Imagine: Just one tool to learn and only one subscription to pay. You’re saving time and money already.
And, Evernote’s features are brilliant in supporting a GTD practice. Let’s now look at each phase of the 5 Steps of Mastering Workflow and inspect exactly how Evernote supports the GTD practitioner in getting things done and achieving stress-free productivity.
First up: Capture.
It all starts with capture. The goal is to gather 100% of the “Incomplete’s” in our lives and David teaches:
“You should have as many in-trays as you need and as few as you can get by with. You need this function to be available to you in every context, since things you’ll want to capture may show up almost anywhere.”
Evernote is widely recognized as the top capture tool on the market and a key reason those who love Evernote really love Evernote.
Evernote enables users to easily and efficiently capture and centralize anything we come across day-to-day that we may want to take action on – either now or in the future – or keep for any reason.
Ideas, work, home projects, articles to read, travel…our brain finds “stuff” it wants to keep in so many places. And that’s a huge part of the value proposition of Evernote. Anytime my brain finds something worth retaining, no matter where I come across it – on the web, as a thought, in a document, through handwritten notes, an email – I capture it to Evernote, with an effortless tap or click, and at the speed of thought.

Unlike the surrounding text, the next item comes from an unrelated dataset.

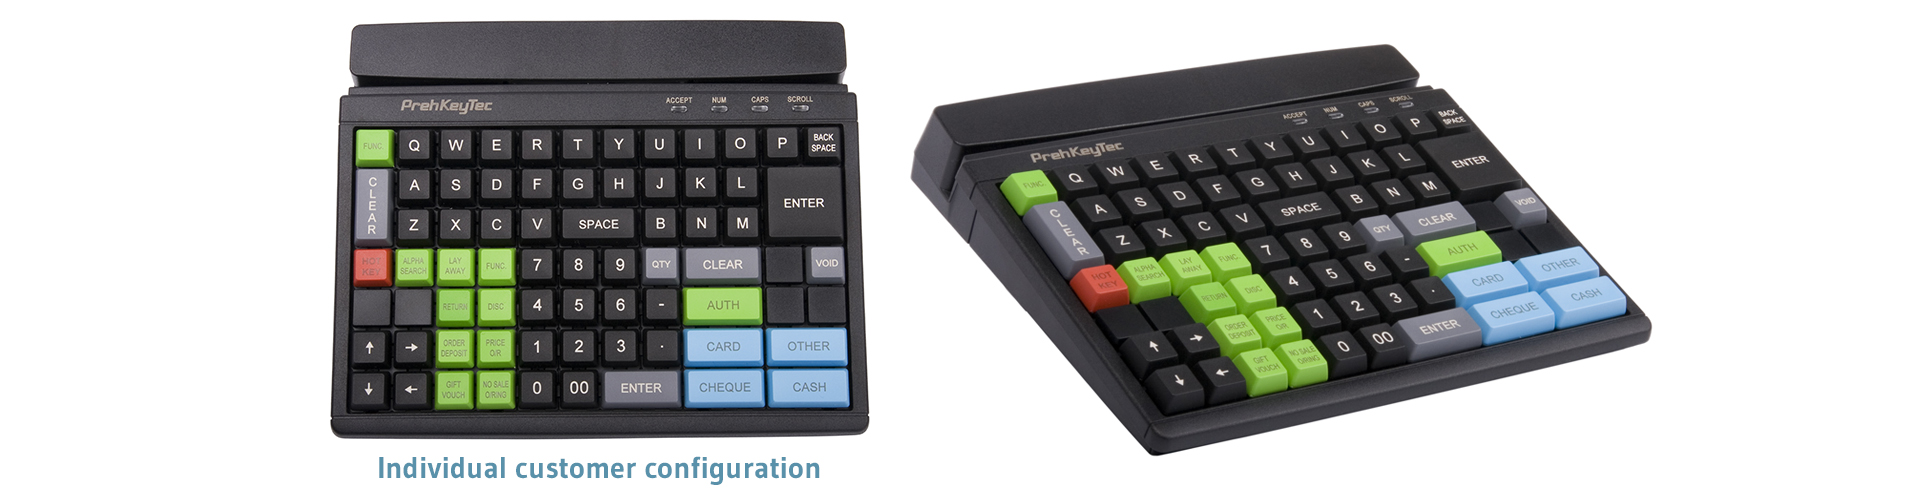 Customizable Programmable Cash Register Keyboard

It works like this for me:
In addition to illustrating my workflow, this graphic highlights why you’re so overwhelmed and buried under the crushing weight of information descending on you. There’s A LOT coming at us.
And, without a solid grasp on how to capture it all, it’s easy to retreat from battle and let the “stuff” win. Next thing you know, sticky notes line your monitor, your email inbox has 200 (or 2,000) unread emails, receipts are busting out of the shoebox, your laptop desktop is a cluttered mess of icons, and you have to tell yourself 14 times to buy q-tips at Target.
But Evernote puts me in control. It doesn’t matter what context I’m in:
If I’m sitting at my computer on a Zoom call – I take notes right in Evernote.
If I’m driving to the gym and I have an idea pop into my head – I speak my ideas into note using Evernote audio capture.
The hummus recipe I found online to test out on Saturday – the web clipper saves it in a click into Evernote.
If I’m surfing the web and I find a blog I want to read later – I just clip it to Evernote.
If the school sends me a PDF of the soccer schedule via email, I forward the email into Evernote – both the email and attachment are there when I need them.
If I respond to an email and want to save it, I bcc my Evernote account and it suddenly appears.
When I attend a conference, I record the presenter by recording an audio note in Evernote and I scan the business cards of those I met right to Evernote – and the contact info is automatically extracted and saved to my contacts. That’s next-level networking right there!
The air filter at my house that I can never remember the size of when I’m at the store? I just share the photo from my camera roll directly to Evernote.
The home warranty plan I need to access when the refrigerator goes haywire? I scan it to Evernote with my desktop scanner.
Those sticky notes where I jot down the phone number of the vendor I need to contact – I take a picture with the Evernote camera on my phone and save it in Evernote.
All of these are examples of open loops that – in order to effectively practice GTD – need to be off of my mind and kept in my trusted system (not my brain). Evernote makes it easy.
Evernote really is the ultimate inbox.
And because all your “stuff” is now in a single spot – you’ve already captured a huge productivity advantage. Research shows that 20% of your week is spent searching for stuff. What a waste of time and precious brain energy!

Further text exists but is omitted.